The defensive side of the ball reveals the same story, with EDP far outpacing EPA, with the most pronounced performance over the short term.
These results, then, seem to confirm our stated goals. EDP is far more reproducible and stable than any common efficiency metrics on offense and defense and over various time periods. And while by no means is EDP meant to be an exact predictor of future point production— and how to use EDP to model spreads is a note for another time— it is seemingly a solid base to predict how well teams will produce on future drives.
Applications
Drive Quality’s practical applications are diverse. Last season, it was primarily used to generate macro power rankings, which were immensely helpful in isolating over- and underrated teams relative to consensus market expectations. After all, as just seen, EDP is at its strongest in pricing short term results. This season, here at SportfolioKings, we hope to expand the scope of Drive Quality for more fine-tuned purposes, such as pricing individual matchups for pregame betting and creating team volatility profiles for live betting.
Of course, EDP can also capture team level efficiency such as the graph below which outlines how each team fared by our metric in 2022.
Likewise, because the goal of metric is designed to capture a team’s efficacy and reproducibility of their drives we can easily look at the volatility and ranges of outcomes for teams performances such as this chart below which graphs the distributions for teams offensive performances and further details a teams performance and stability.

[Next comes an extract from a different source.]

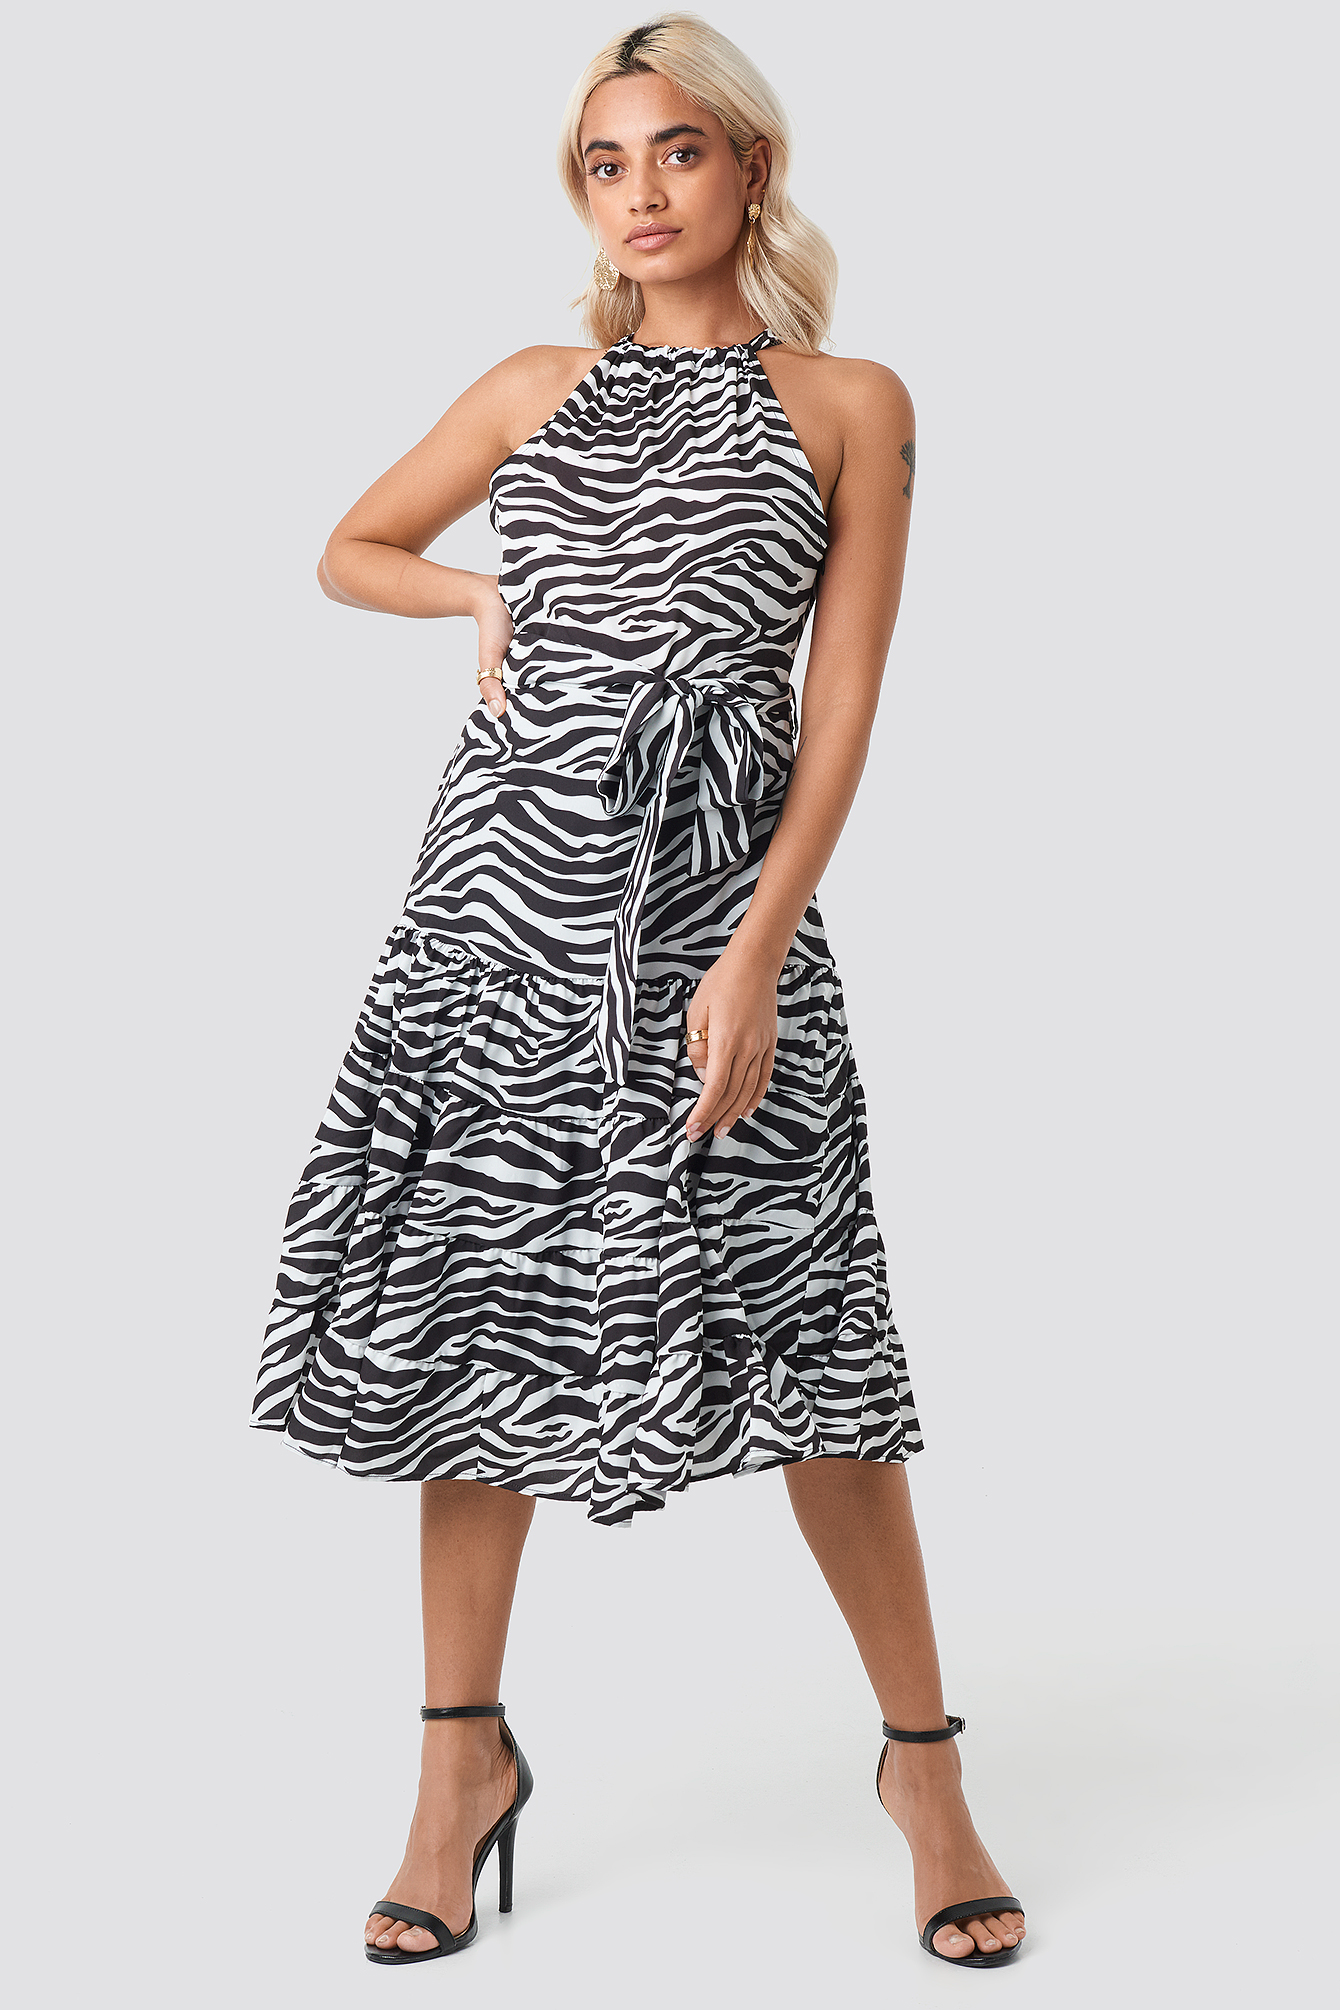 trendyol -  Animal Print Midi Dress - Black,White

For instance, as you can see with the “higher peak,” the Football Team has a more consistent and less volatile range of outcomes than their NFC East counterparts.
But perhaps its most versatile use as an efficiency metric (and likely its most provocative) relates to its ability to generate post hoc representations of final scores. Of course, this is not a novel idea but the hypothesis is that there is considerable edge to be had from this single attack vector alone.

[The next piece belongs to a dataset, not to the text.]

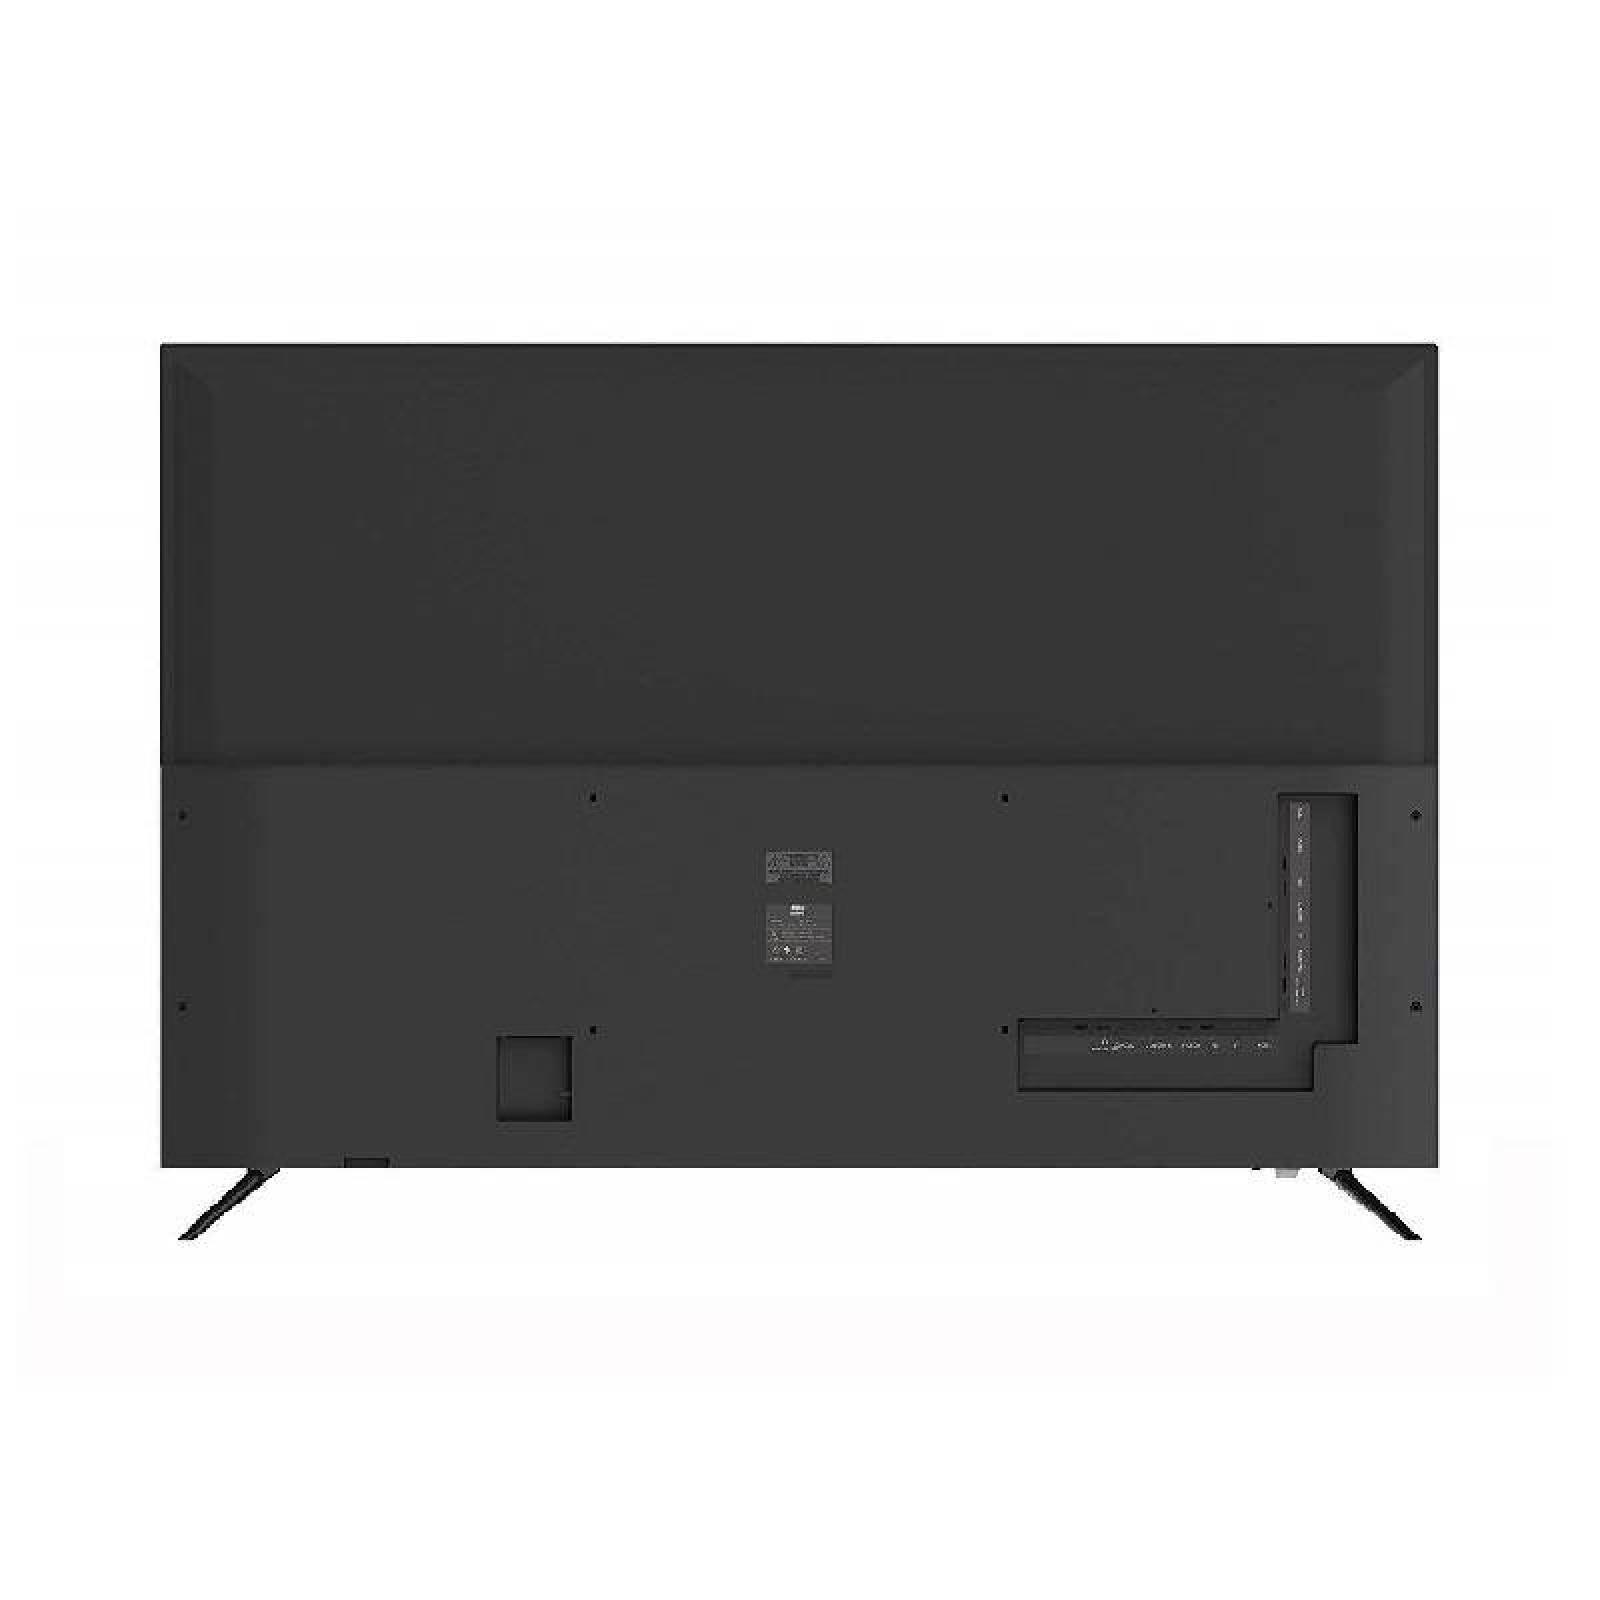 "Smart TV Makena 50"" 4K UHD"

As we have discussed, depending on the distribution, volume, severity, and additive or punitive nature of fluky plays, the result of a game is sometimes a permanent inaccurate memorialization of a team’s standalone and relative performance. From a betting perspective, this ostensible discrepancy and the influence on fan, media, and bettor perception can be incredibly important to discern and properly account for. Whether justified or not, official final scores reign supreme – confirming handicapping biases, cashing or shredding tickets, and serving as a benchmark reference point for bettor, analyst, and fan citations to support some future hypothesis (who become over time increasingly desensitized to its erroneous underpinnings). This persistent inefficiency can create potential distortions in the transmission mechanism of market prices for teams and matchups and therefore a possible consistent source of alpha generation.
Conclusion
EDP is by no means a final product. This means Drive Quality will likely remain in a perpetual state of development, iterating on the model as we uncover flaws and discover sources of enhancement. Indeed, it must evolve, as the NFL evolves, and as betting markets evolve.
But even at this early stage, EDP is a promising step towards developing a serious drive-level metric that demonstrates stability and captures the essence and reproducibility of drive success. EPA, Success Rate, and other analytical metrics are of course still valuable sources of information, but we hope that EDP can enter the conversation alongside it– a dynamic and contextually aware metric that perhaps better describes current team performance and more reliably predicts future team performance, from both an offensive and defensive perspective. But most of all, we hope this project continues to push and improve our understanding of the game, while serving as a critical tool to increase our understanding of the game and our bottom lines.